The yen’s real effective rate, referenced to consumer price inflation, fell to a low of 66.3 on Tuesday compared to a base of 100 in 2010, which according to J.P. Morgan calculations is likely its lowest since June 1972. The rate measures the weighted average of domestic prices relative to those of Japan’s trading partners.
Analysts Tohru Sasaki, Benjamin Shatil and Sosuke Nakamura noted a strong inverse correlation between U.S. long-term interest rates and the yen. The U.S. 10-year Treasury yield was at a nine-month high of 1.7192% on Thursday and J.P. Morgan predicts that the 10-year yield could reach 2% by end-June. If the current correlation holds, the yen could drop past 119 per dollar then, it said.

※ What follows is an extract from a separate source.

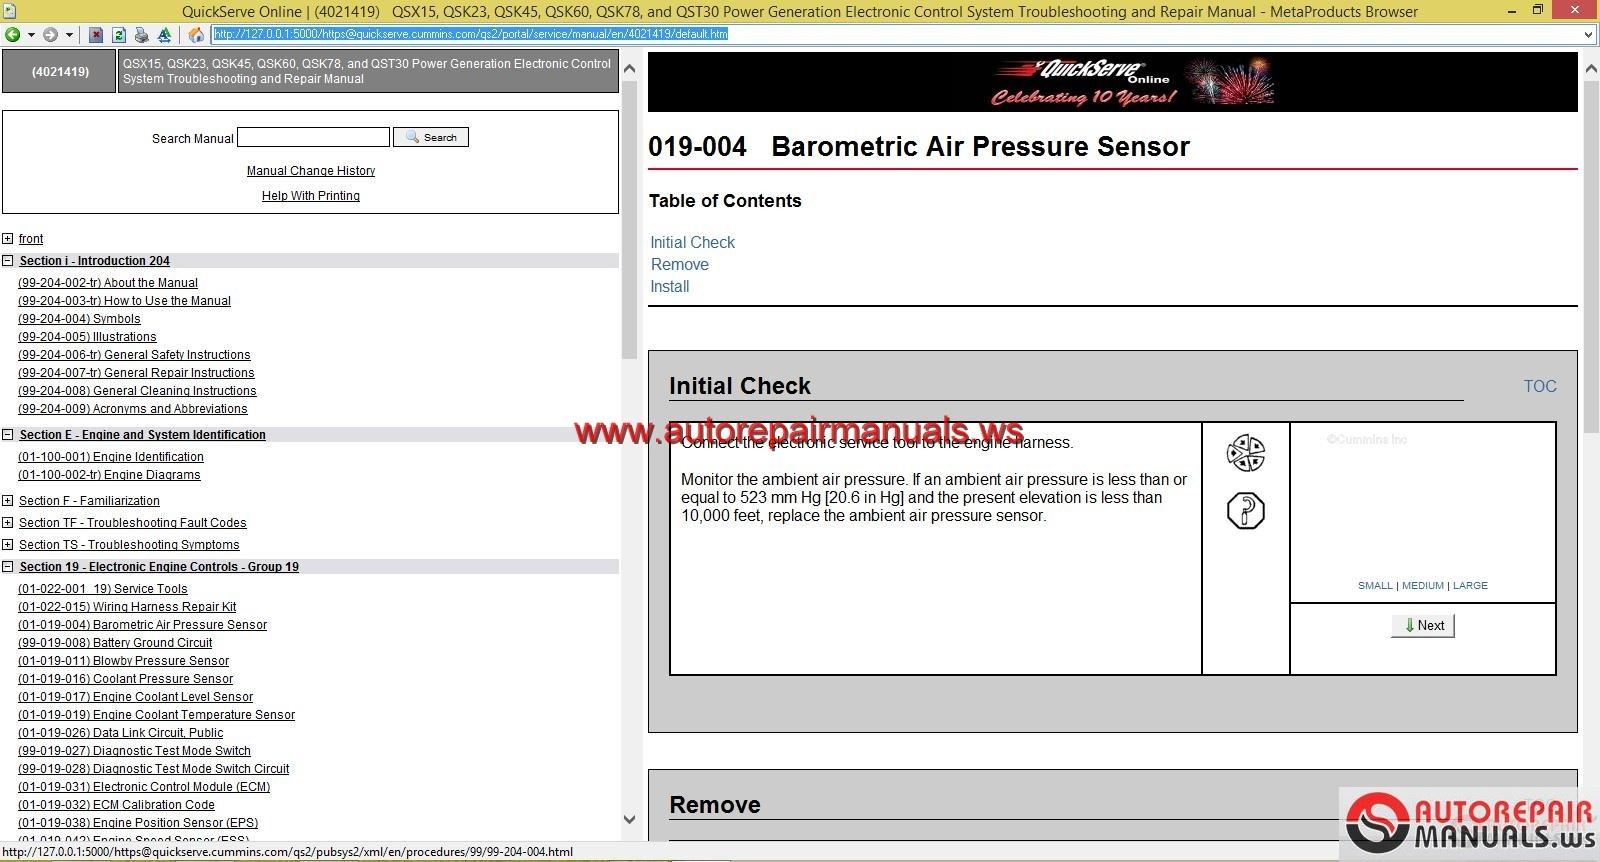 Cummins qsx15 qsk23 qsk45 qsk60 qsk78 and qst30 power generati img cheapraybanclubmaster Choice Image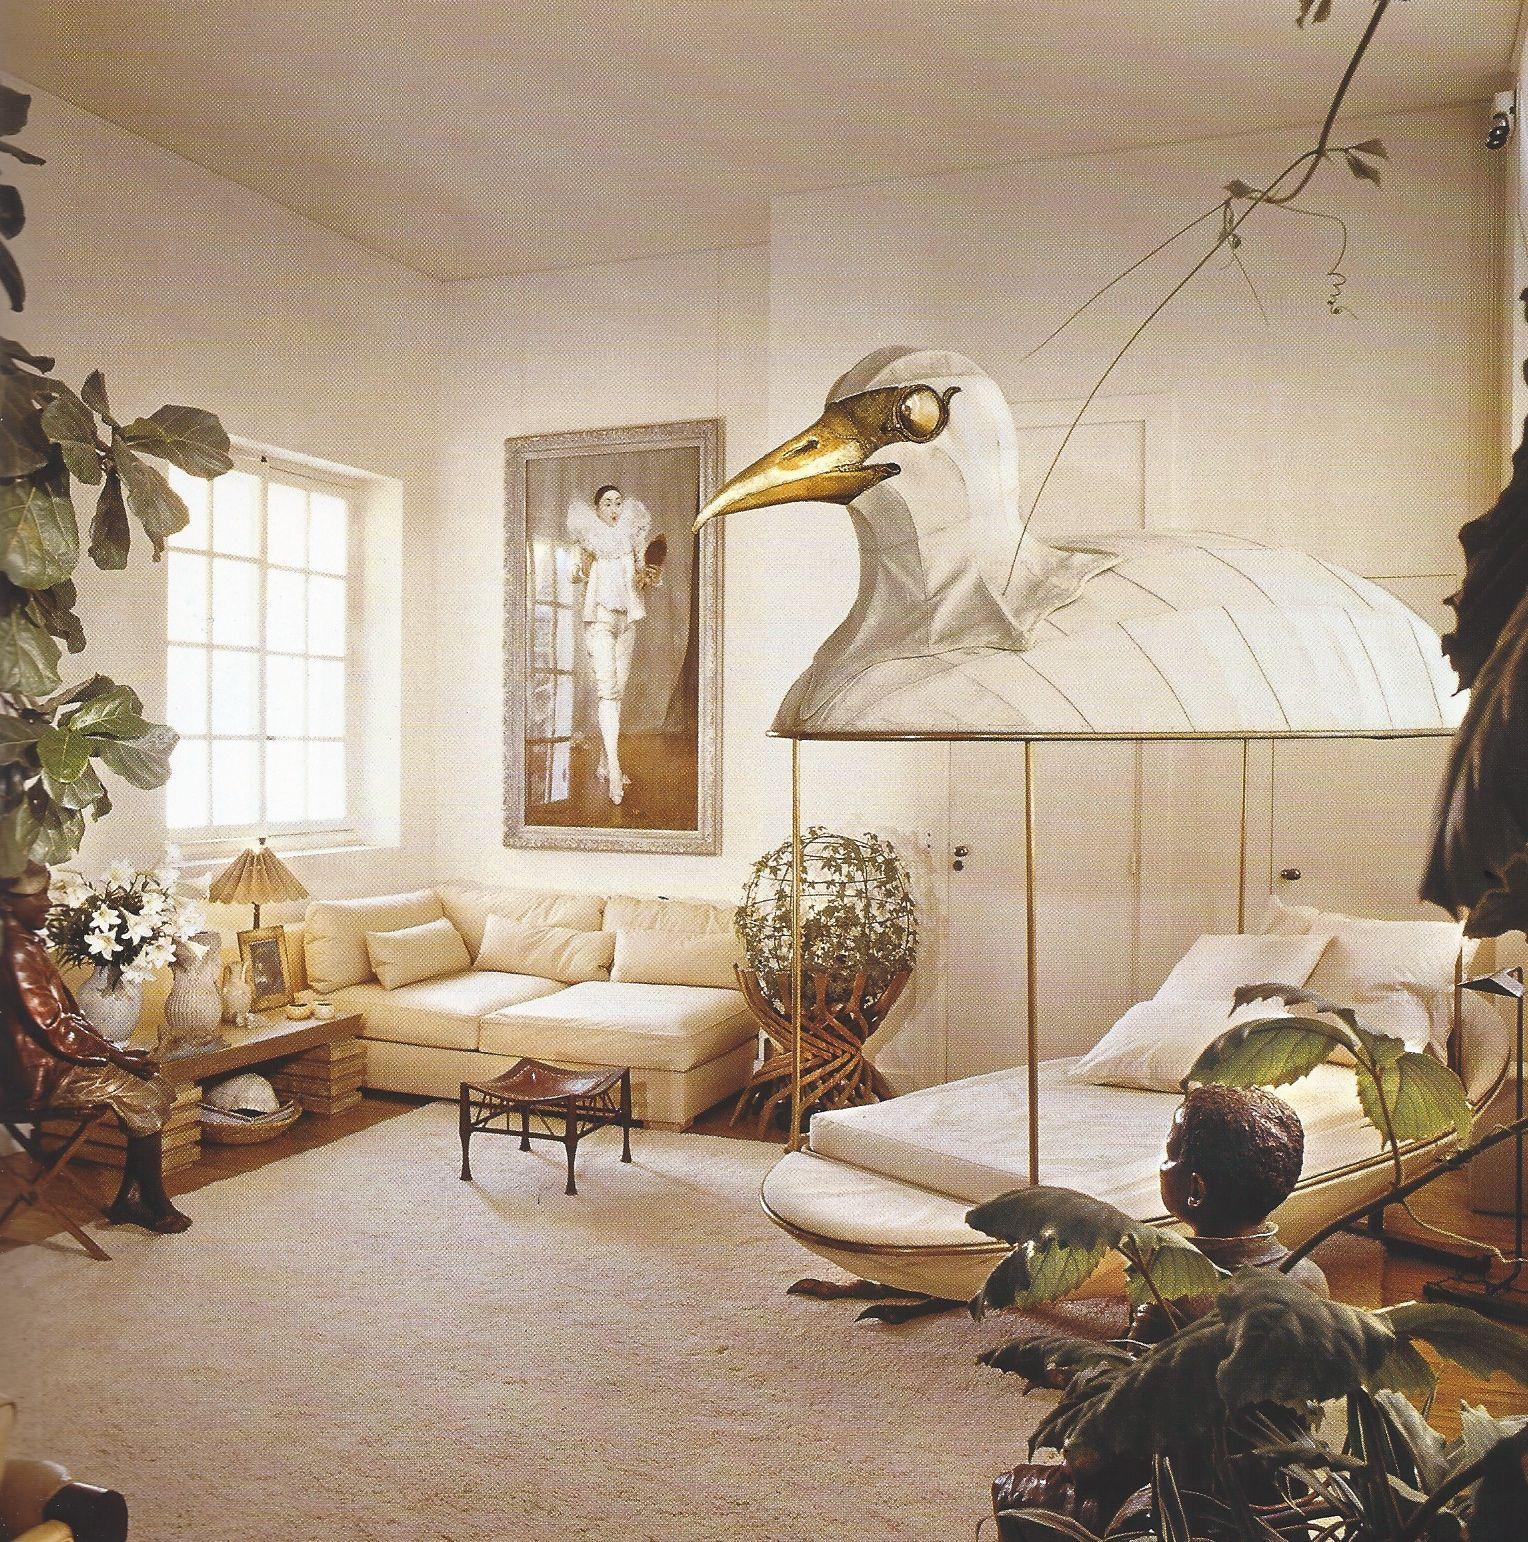 Jacques Grange 39 S Apartment In Paris 1975 Bedrooms Pinterest Interior Interior Design

With companies from sauce manufacturers to stationery makers announcing price hikes in recent months, “the risk of an unexpectedly large rise in Japan’s inflation rate cannot be ruled out,” they wrote.
Considering that Japanese salaries are no longer high relative to other developed nations, fears that imported goods will become unaffordable may prompt Japanese households to invest offshore – easier than ever before due to online services, they said, which would lead to further yen weakness.